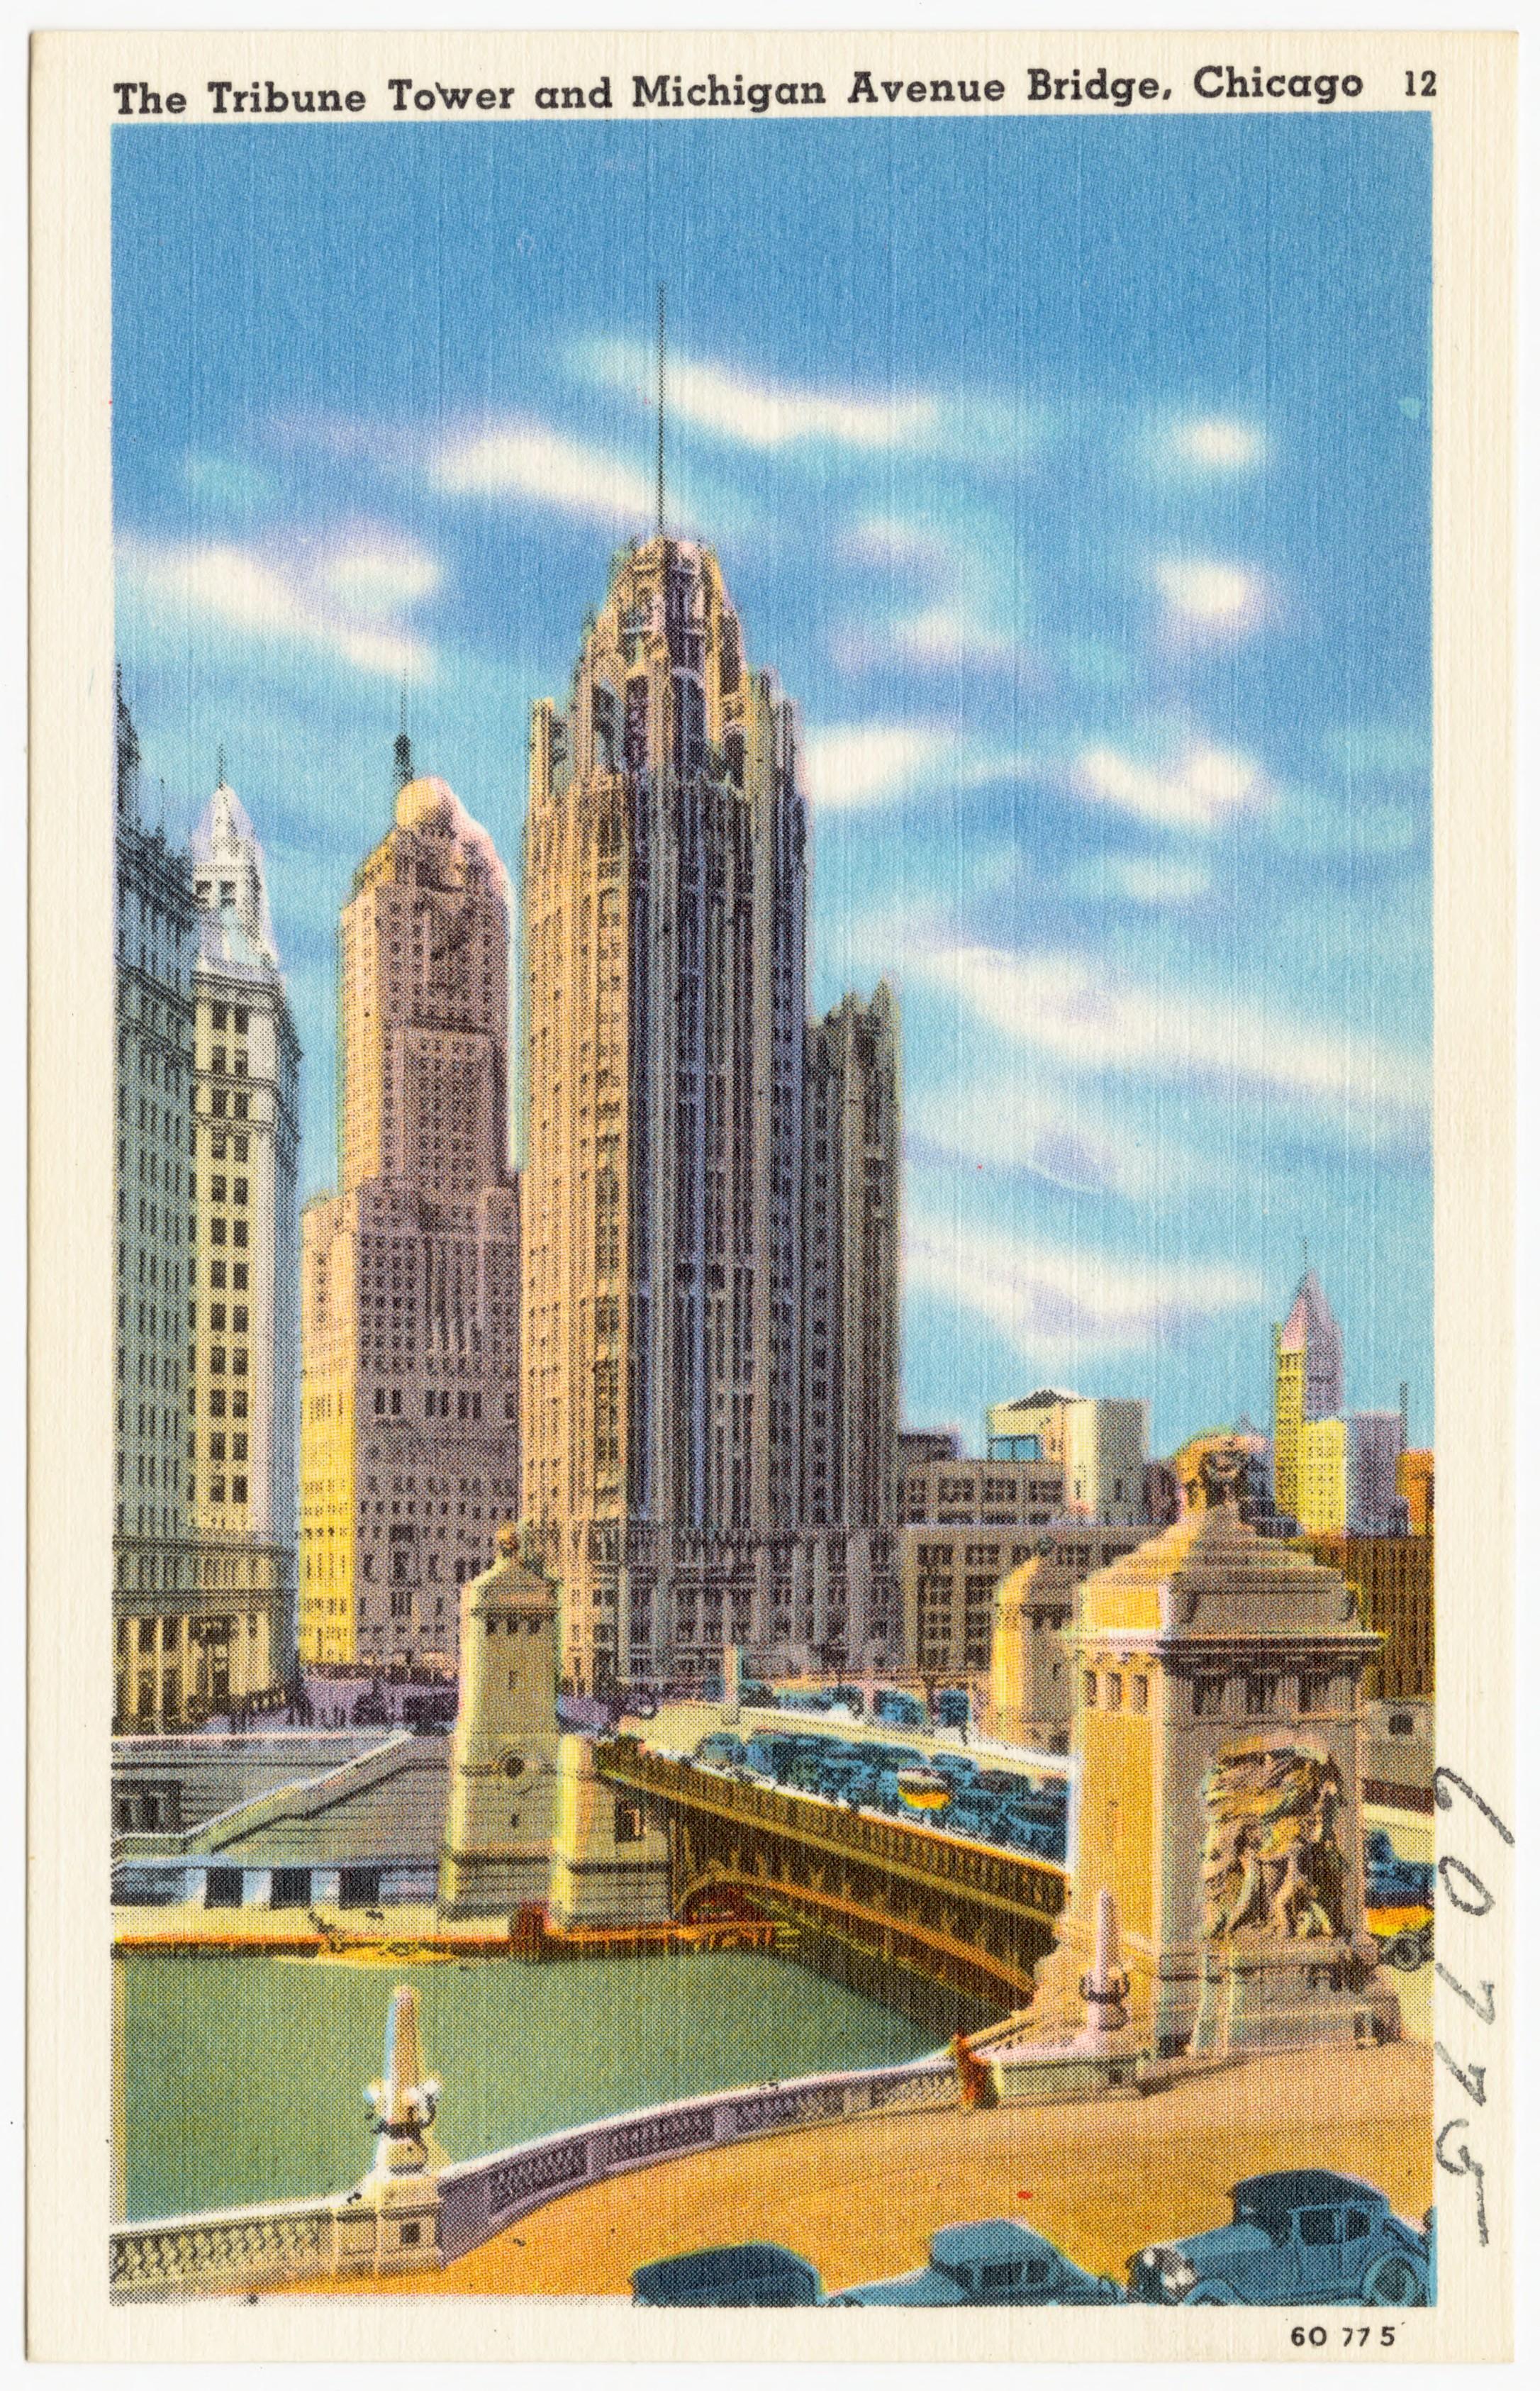 The_Tribune_Tower_and_Michigan_Avenue_Bridge,_Chicago_(60775).jpg
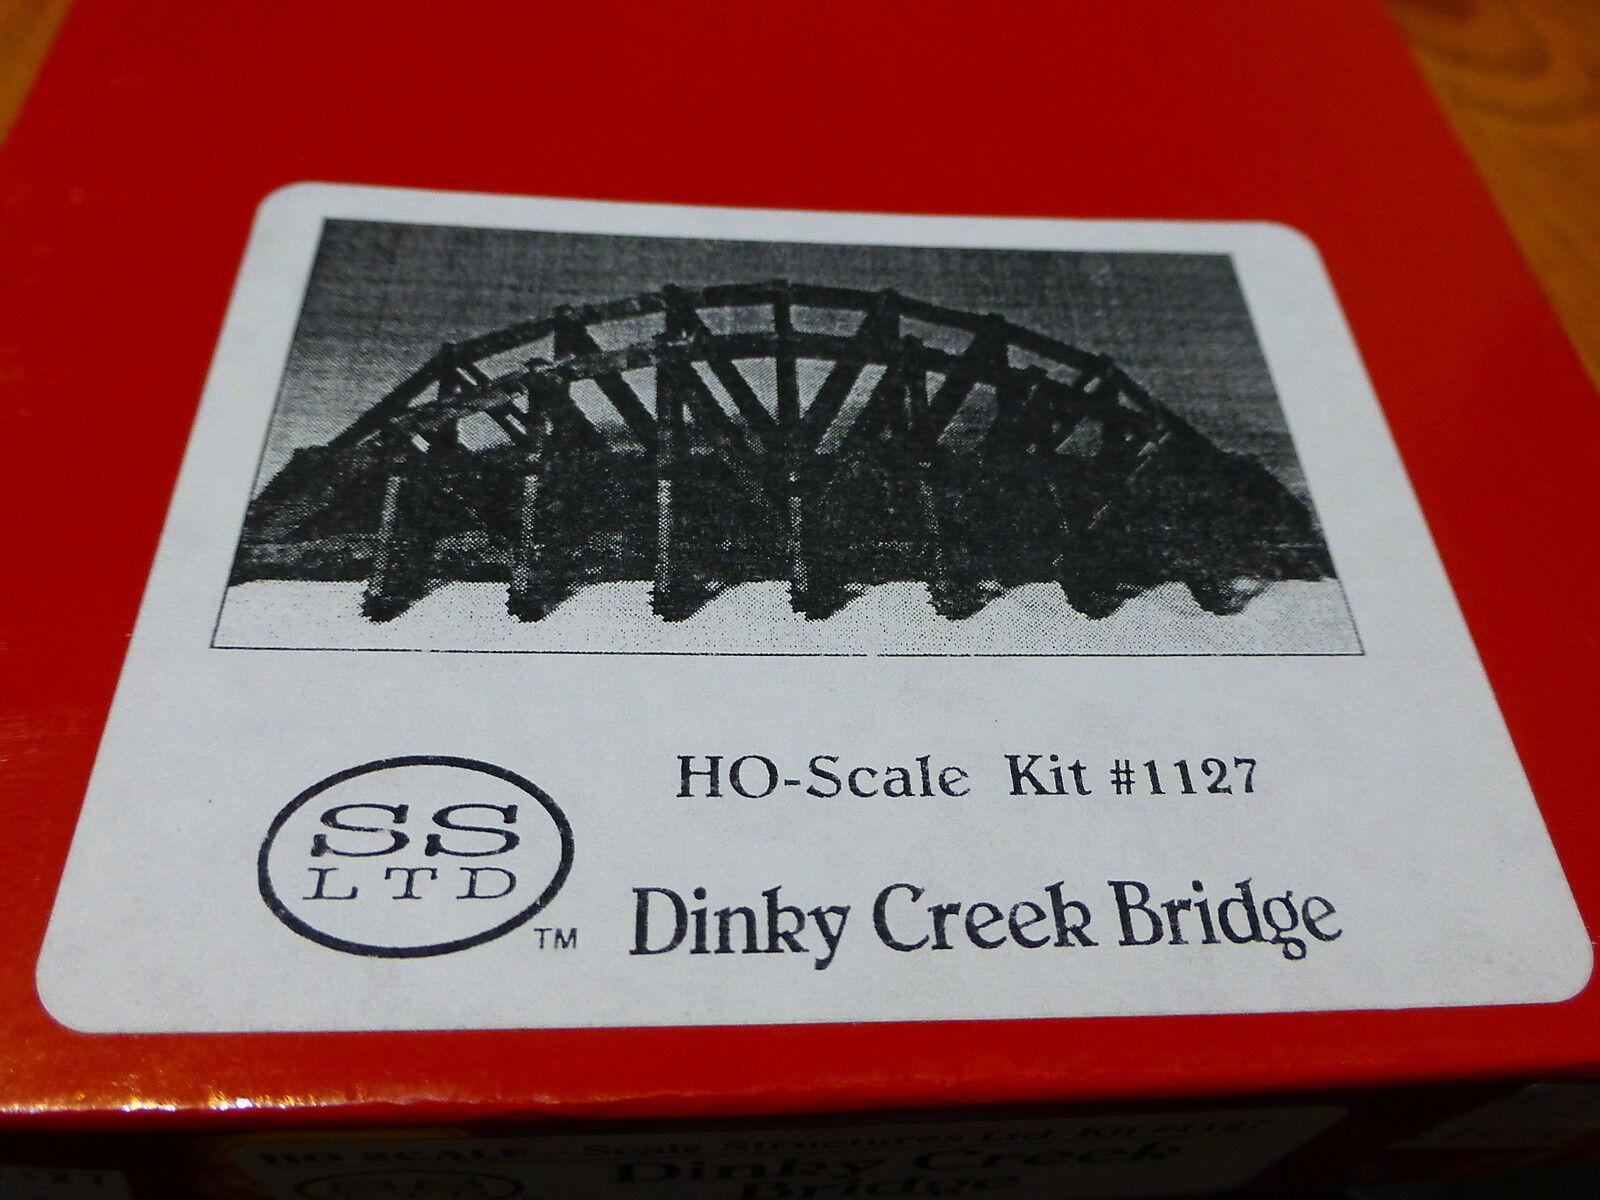 Scale Structures Ltd.  1127 Dinky Creek Bridge  Kit form  Craftsman  Wood & Cast
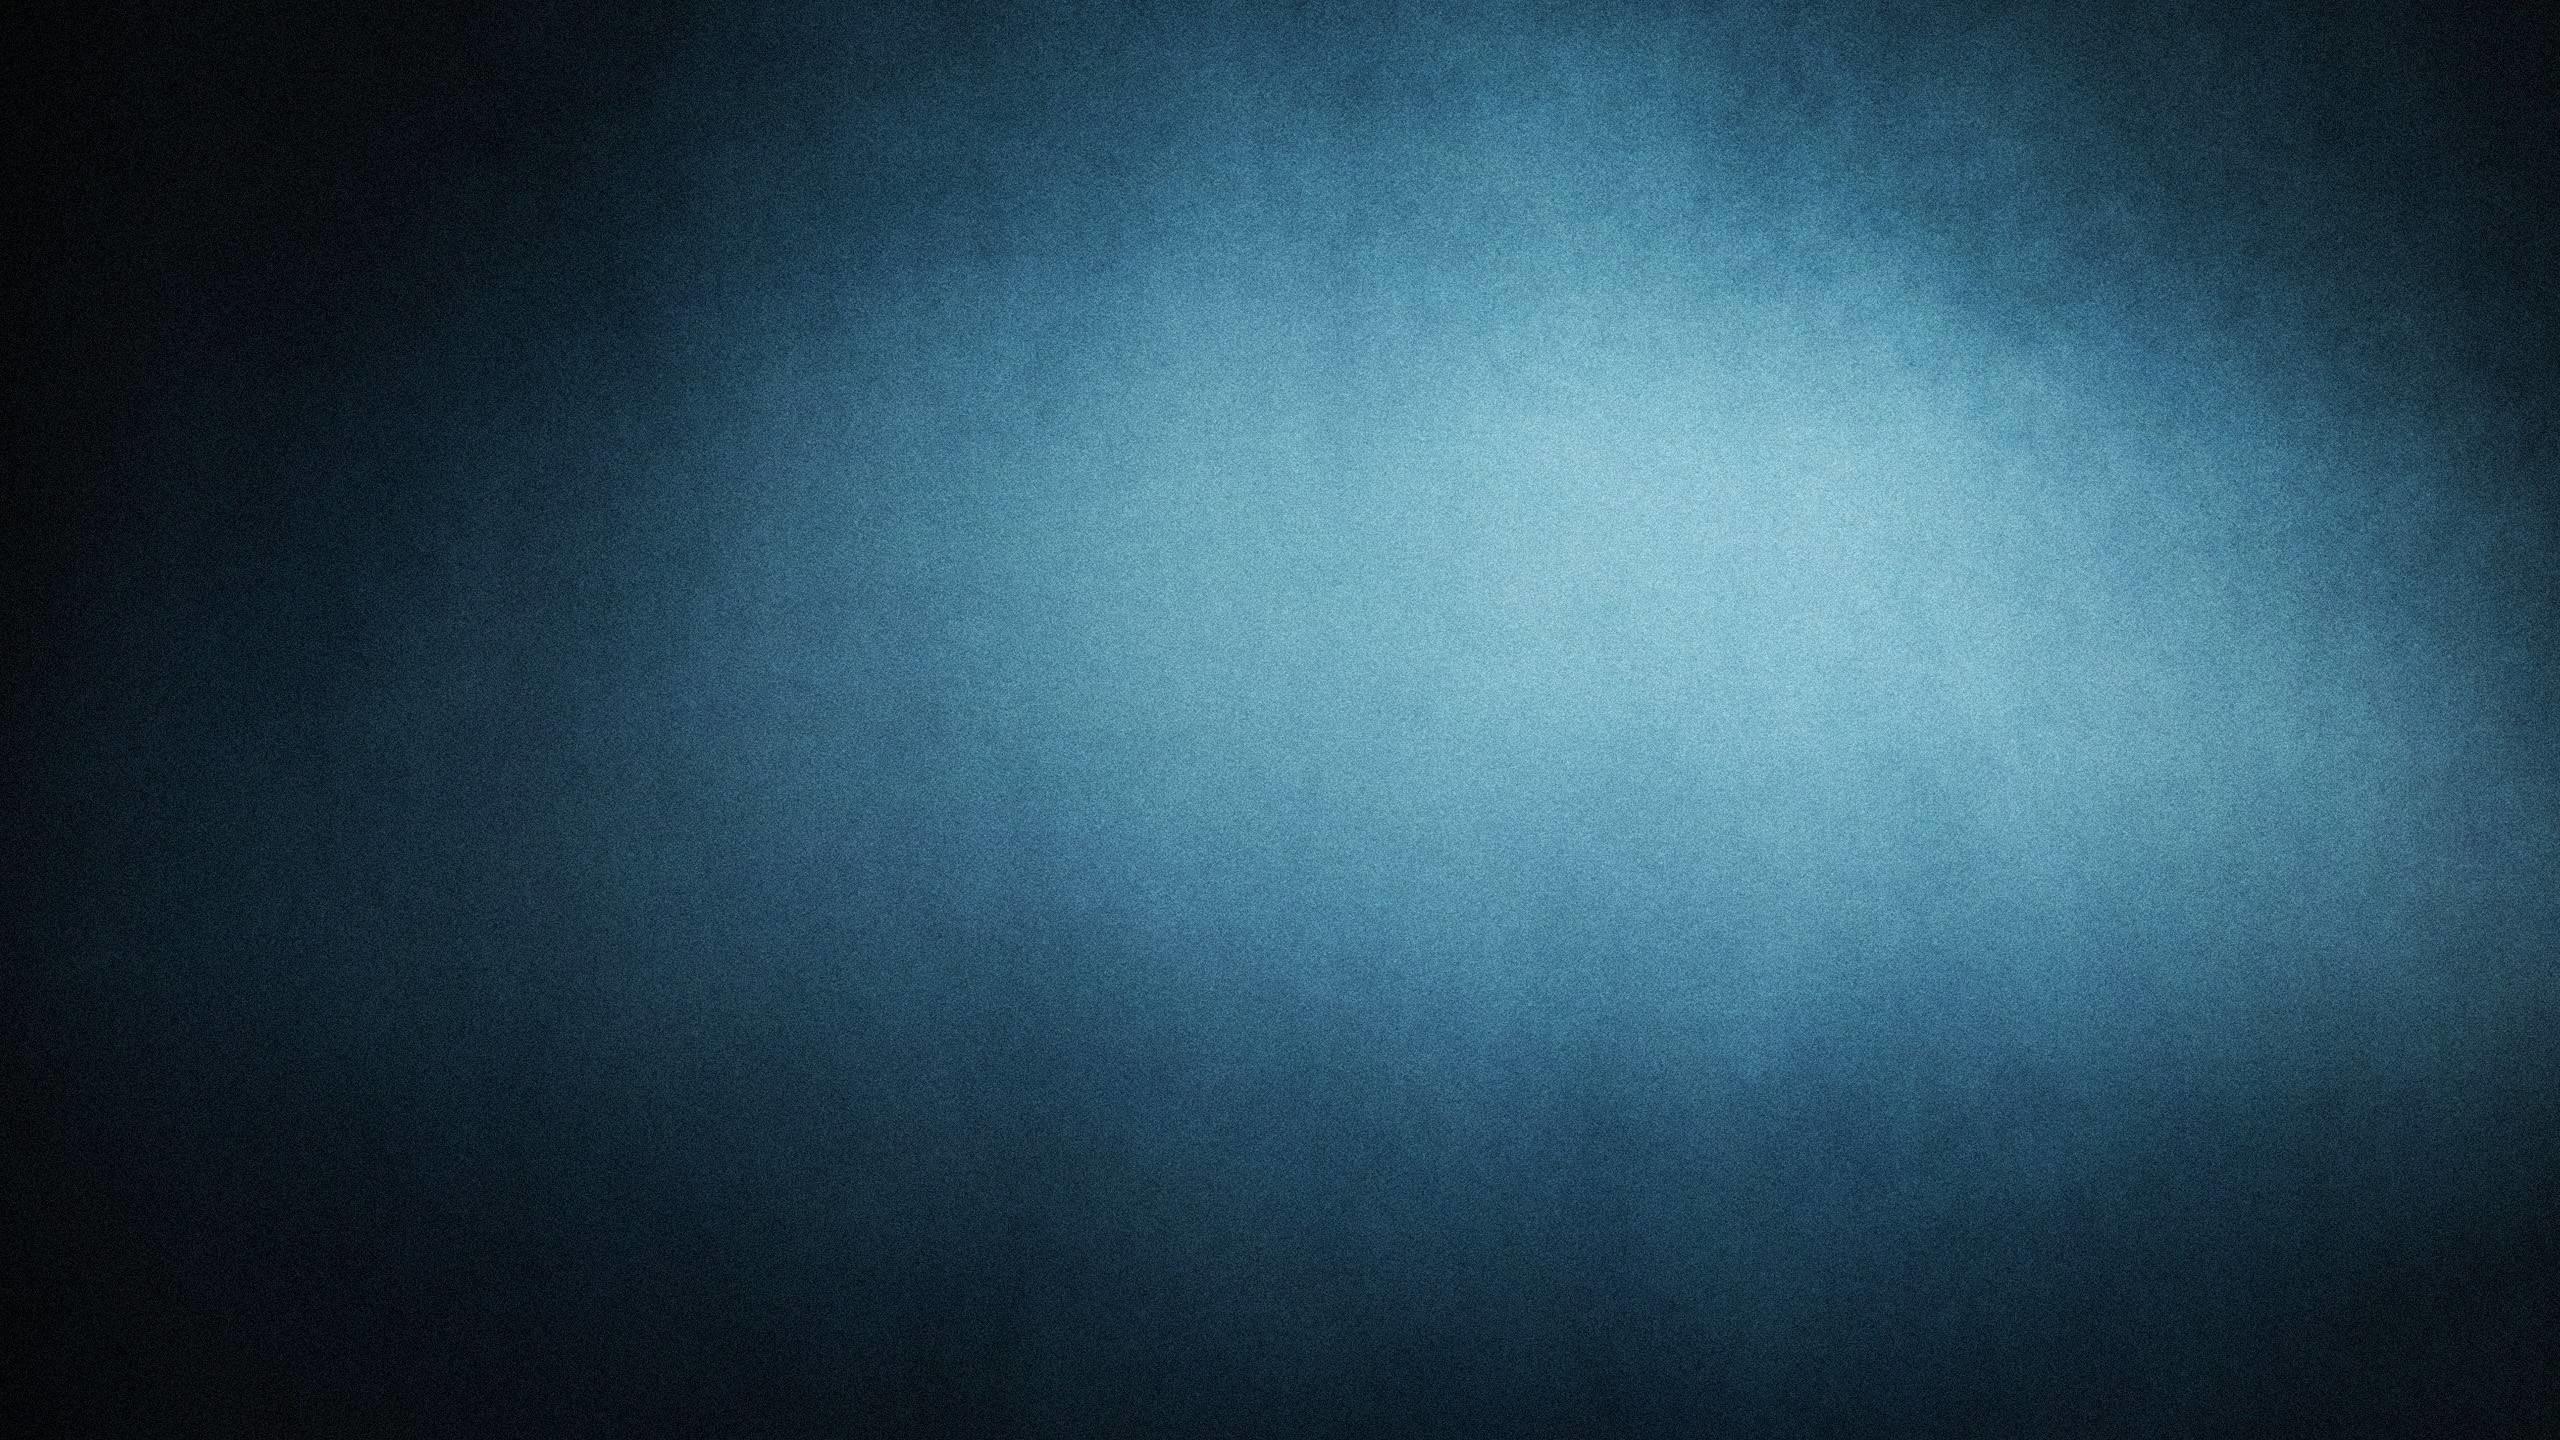 hinh nen mau xanh 38

**The problem**
An exact copy of the material above is required, free of any pictures.

**Solved problem**
 The_Tribune_Tower_and_Michigan_Avenue_Bridge,_Chicago_(60775).jpg
 Scale Structures Ltd.  1127 Dinky Creek Bridge  Kit form  Craftsman  Wood & Cast
 hinh nen mau xanh 38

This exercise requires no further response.